Project Overview: This repository contains the code and resources for a comprehensive scheduling framework aimed at optimizing energy consumption and enhancing state estimation within a Wireless Sensor Network (WSN). The project leverages Reinforcement Learning, particularly the Deep Q-Network (DQN) algorithm, along with the Stable Baselines3 library, to address the intricate challenges of scheduling in WSNs.
Core Concepts:
- Reinforcement Learning: This project utilizes Reinforcement Learning to enable adaptive and intelligent scheduling within the WSN. The agent learns optimal scheduling strategies by interacting with the environment and receiving feedback in the form of rewards.
- Deep Q-Networks (DQN): DQN is employed to approximate the optimal action-value function, which guides the agent in making informed decisions within the network.
- Stable Baselines3: The project incorporates the Stable Baselines3 library, a powerful tool for developing and testing reinforcement learning algorithms, to train and evaluate the DQN model.
- Custom Gymnasium Environment: A custom WSN environment,
WSNEnvironment
, is built using the Gymnasium library.
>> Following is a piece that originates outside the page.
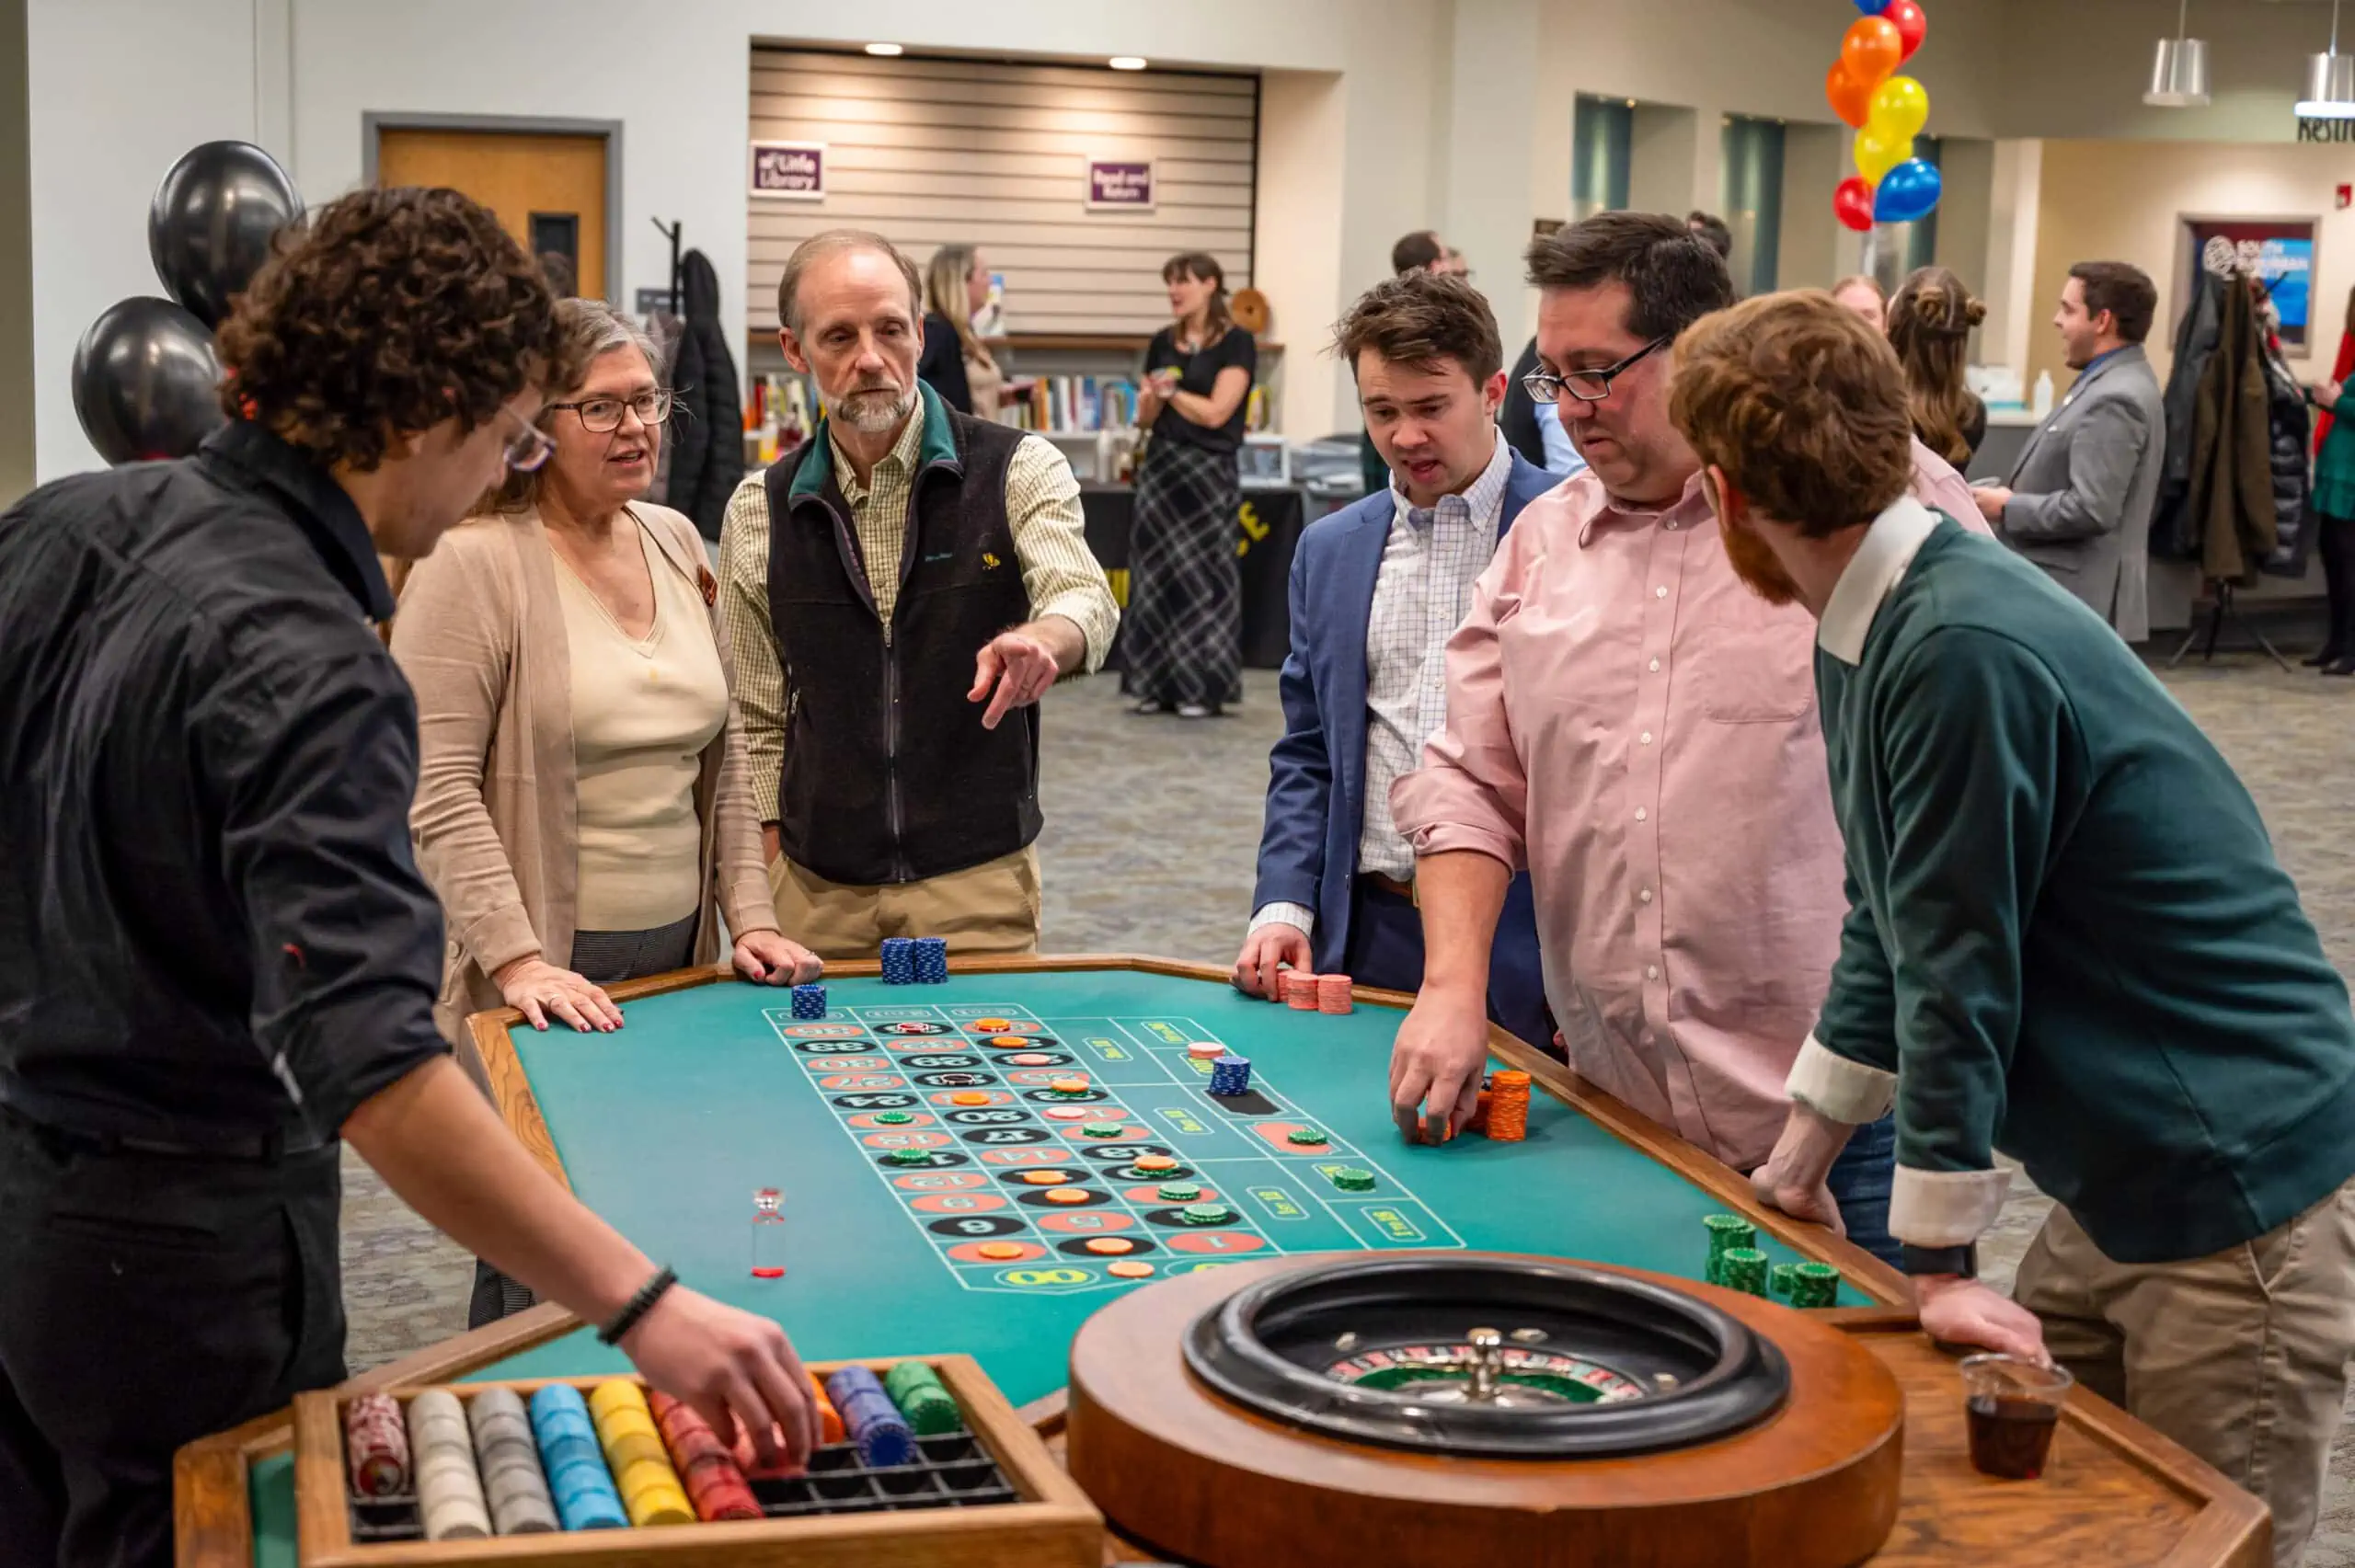 A group of people playing roulette at a K3 event.

This environment simulates realistic sensor deployment, event detection, and energy optimization scenarios, serving as a testing ground for the scheduling algorithms.
At the core of this project is WSNEnvironment
, a custom-designed Gymnasium environment tailored to simulate the dynamics of a Wireless Sensor Network. This environment plays a crucial role in training and evaluating the scheduling algorithms, particularly in reinforcement learning contexts. Below is a detailed breakdown of its key features:
The design of observation and action spaces is fundamental in reinforcement learning as it dictates what the agent perceives and the actions it can take. In WSNEnvironment
:
- Observation Space: The observation space is a matrix representing the 2D positions of sensors in the network. A third column tracks the frequency of sensor selection during each episode, enabling the agent to evolve from random behavior to a more strategic approach based on the DQN model.
- Action Space: The action space corresponds to the number of sensors in the network, with each action representing the selection of a specific sensor to retrieve data from its buffer.
The dynamic nature of WSNEnvironment
allows for realistic simulation of sensor network operations over time:
- Sensor Deployment: The environment supports customizable sensor deployment, where the number of sensors (
num_sensors
) and their spatial distribution are generated using a Poisson point distribution to ensure randomness and diversity. - Coverage and Energy Optimization: Sensors operate within defined coverage areas, and the environment simulates the efficient use of sensor energy while maintaining optimal area coverage.
- Event Handling: Events are generated probabilistically based on a threshold probability (
threshold_prob
). When an event occurs, its location is randomly assigned within the monitored area. Sensors within the event’s coverage zone detect and log the event, simulating real-world event detection, and store it in their buffers.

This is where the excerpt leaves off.